I have bought my kids' instruments used from a small local music store.  The kids got to try the instruments, quality was good, price reasonable, and service and advice top-notch.

Summer is a pretty good time to buy it, as they've probably just gotten back rentals from the school year.  Ask them to go through the returned rentals as they clean and service them, and pick a good one for you.

Re the cheapos that everyone above says to stay away from, several of the repairmen we've talked to says that besides poor quality, parts are difficult if not impossible to get, so when it needs service, forget it.

Stick with a quality used instrument.


----------



## wackymother (Jun 12, 2009)

pjrose said:


> Summer is a pretty good time to buy it, as they've probably just gotten back rentals from the school year.  Ask them to go through the returned rentals as they clean and service them, and pick a good one for you.



Oh, that's a good idea! I'll chitchat with the Sam Ash guy when we take the cello back. 



> Re the cheapos that everyone above says to stay away from, several of the repairmen we've talked to says that besides poor quality, parts are difficult if not impossible to get, so when it needs service, forget it.
> 
> Stick with a quality used instrument.



It's my curse that I have to feel like I got something really nice for a moderate price.

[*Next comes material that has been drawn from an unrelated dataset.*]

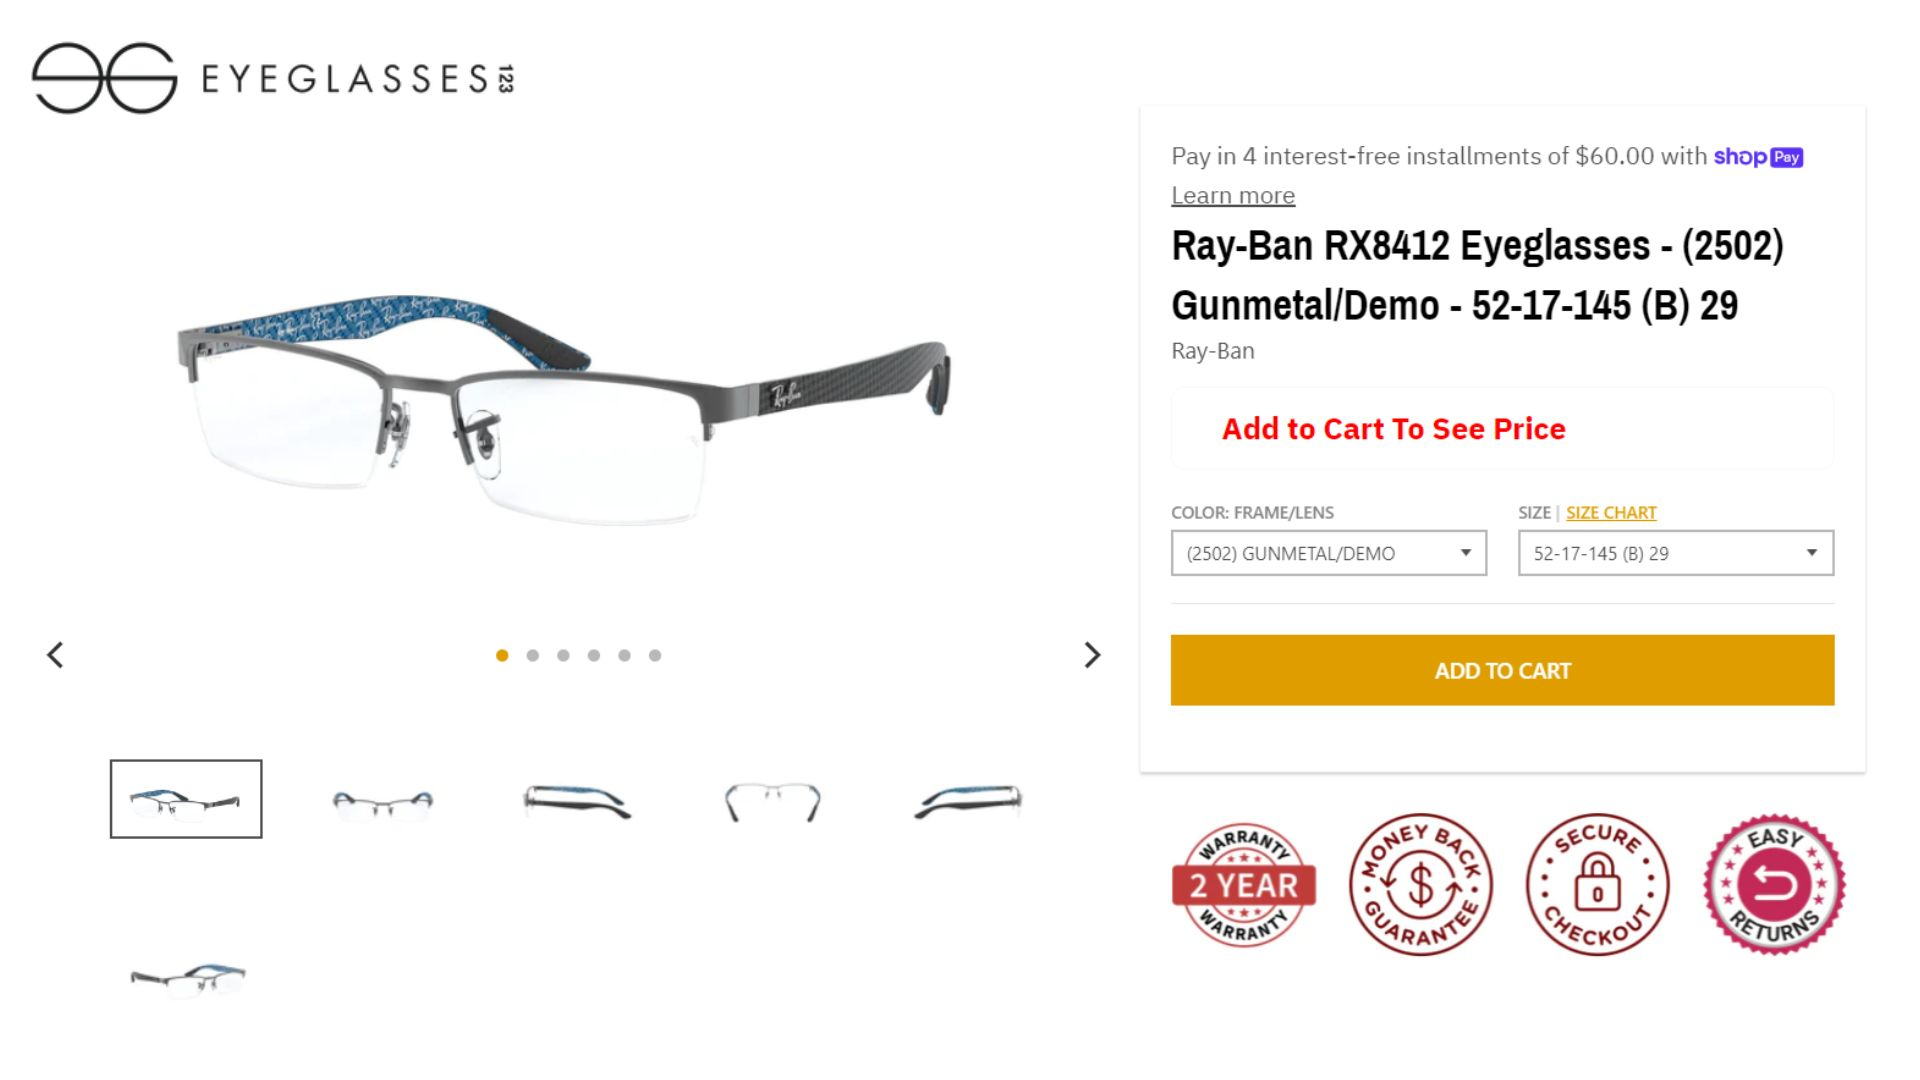 Where Are Ray-Ban Eyeglasses Made? | Eyeglasses123.com
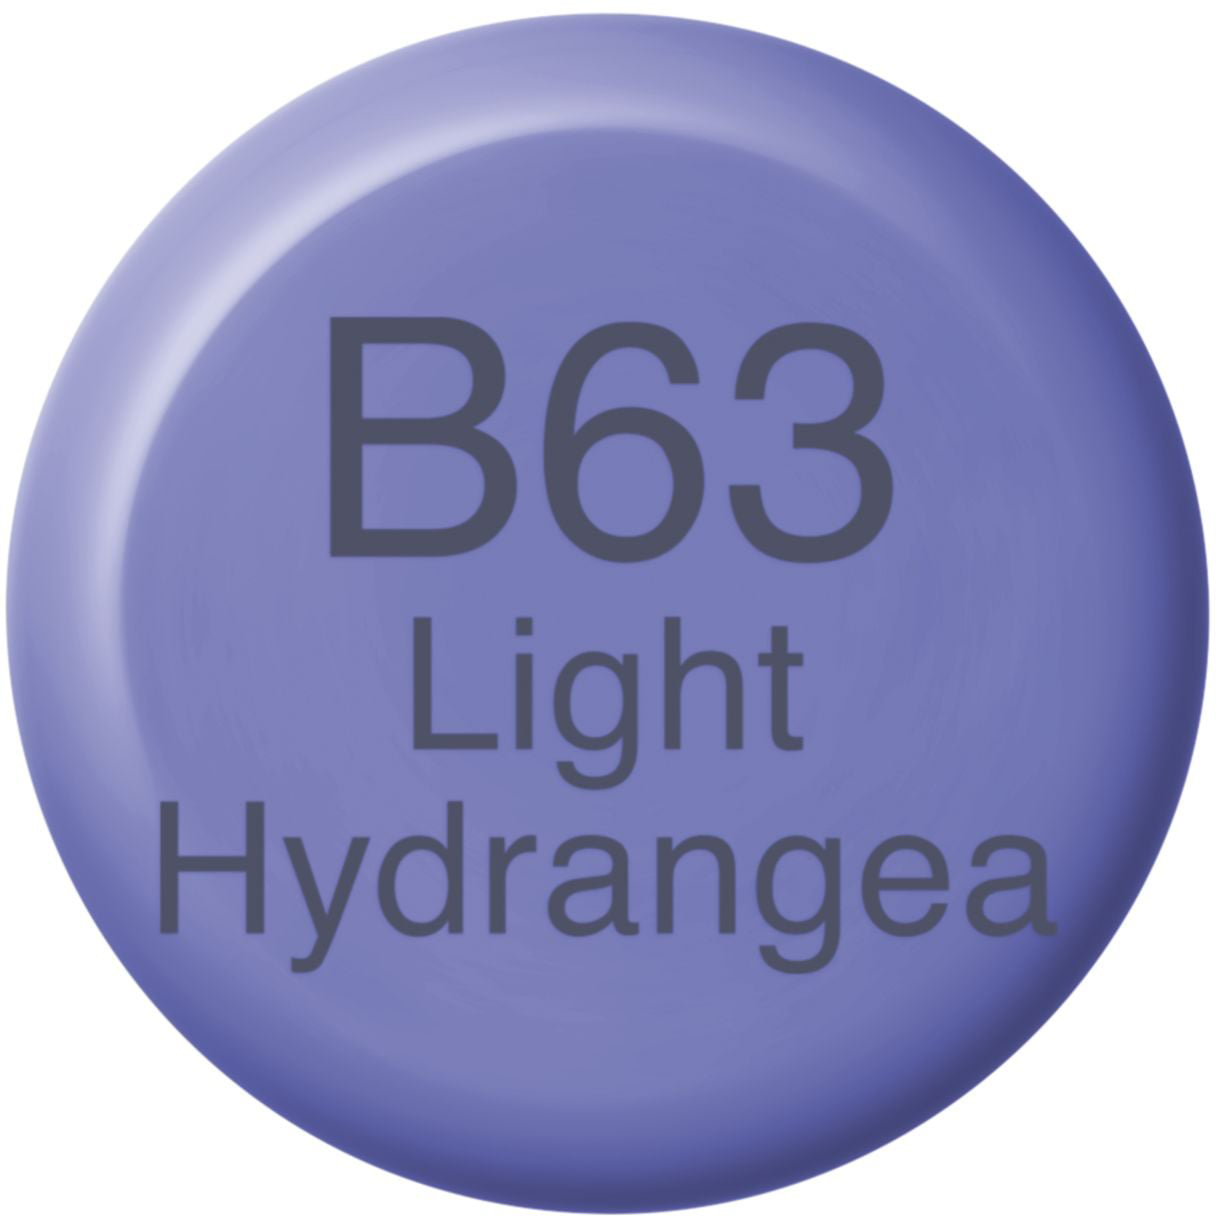 COPIC Ink Refill 21076154 B63 - Light Hydrangea B63 - Light Hydrangea

My father played the clarinet, so of course in my heart of hearts I want one just like his.


----------



## BSQ (Jun 12, 2009)

I'm partial to Selmer.  Within the brands there are many different models, so even just saying look for a Selmer, Bundy, etc  could still make the task confusing. 

For a used student horn I like the Selmer Signet series.  It has good tone ... but that's the other caveat about buying one that you haven't seen in person ... the same model can sound slightly different when played.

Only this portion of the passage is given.